▶ _MATERIAL SHOWN_

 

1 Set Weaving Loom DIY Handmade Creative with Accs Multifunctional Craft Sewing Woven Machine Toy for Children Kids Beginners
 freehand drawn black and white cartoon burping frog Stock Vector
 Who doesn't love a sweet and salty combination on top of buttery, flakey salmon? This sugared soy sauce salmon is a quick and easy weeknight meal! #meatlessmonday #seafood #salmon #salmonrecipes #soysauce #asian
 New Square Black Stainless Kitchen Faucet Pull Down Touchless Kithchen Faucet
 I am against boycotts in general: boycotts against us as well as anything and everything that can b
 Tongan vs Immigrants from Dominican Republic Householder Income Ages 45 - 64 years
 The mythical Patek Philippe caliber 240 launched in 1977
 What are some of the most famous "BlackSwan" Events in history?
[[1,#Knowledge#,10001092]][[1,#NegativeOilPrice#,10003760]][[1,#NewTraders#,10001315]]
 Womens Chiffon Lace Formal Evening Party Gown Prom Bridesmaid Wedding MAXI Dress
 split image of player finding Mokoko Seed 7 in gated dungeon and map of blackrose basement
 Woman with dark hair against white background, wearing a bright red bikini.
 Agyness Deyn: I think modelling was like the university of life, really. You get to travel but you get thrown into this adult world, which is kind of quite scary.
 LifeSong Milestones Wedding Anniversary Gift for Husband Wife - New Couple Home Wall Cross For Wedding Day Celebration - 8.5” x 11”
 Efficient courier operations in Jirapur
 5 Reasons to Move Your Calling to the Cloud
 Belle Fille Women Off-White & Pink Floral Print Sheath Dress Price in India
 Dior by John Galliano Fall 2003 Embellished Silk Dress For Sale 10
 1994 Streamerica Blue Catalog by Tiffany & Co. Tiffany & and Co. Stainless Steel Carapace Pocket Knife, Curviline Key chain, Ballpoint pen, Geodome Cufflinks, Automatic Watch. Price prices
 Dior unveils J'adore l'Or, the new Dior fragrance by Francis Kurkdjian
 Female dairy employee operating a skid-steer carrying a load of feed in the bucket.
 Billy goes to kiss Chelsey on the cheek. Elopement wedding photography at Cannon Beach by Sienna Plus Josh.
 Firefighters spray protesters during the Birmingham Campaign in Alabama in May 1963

▶ _GOAL OF THE EXERCISE_
Only the lines from the first line of the records through the line containing "The mythical Patek" should be repeated, exactly as they appear.

▶ _ANSWER BOX_
1 Set Weaving Loom DIY Handmade Creative with Accs Multifunctional Craft Sewing Woven Machine Toy for Children Kids Beginners
 freehand drawn black and white cartoon burping frog Stock Vector
 Who doesn't love a sweet and salty combination on top of buttery, flakey salmon? This sugared soy sauce salmon is a quick and easy weeknight meal! #meatlessmonday #seafood #salmon #salmonrecipes #soysauce #asian
 New Square Black Stainless Kitchen Faucet Pull Down Touchless Kithchen Faucet
 I am against boycotts in general: boycotts against us as well as anything and everything that can b
 Tongan vs Immigrants from Dominican Republic Householder Income Ages 45 - 64 years
 The mythical Patek Philippe caliber 240 launched in 1977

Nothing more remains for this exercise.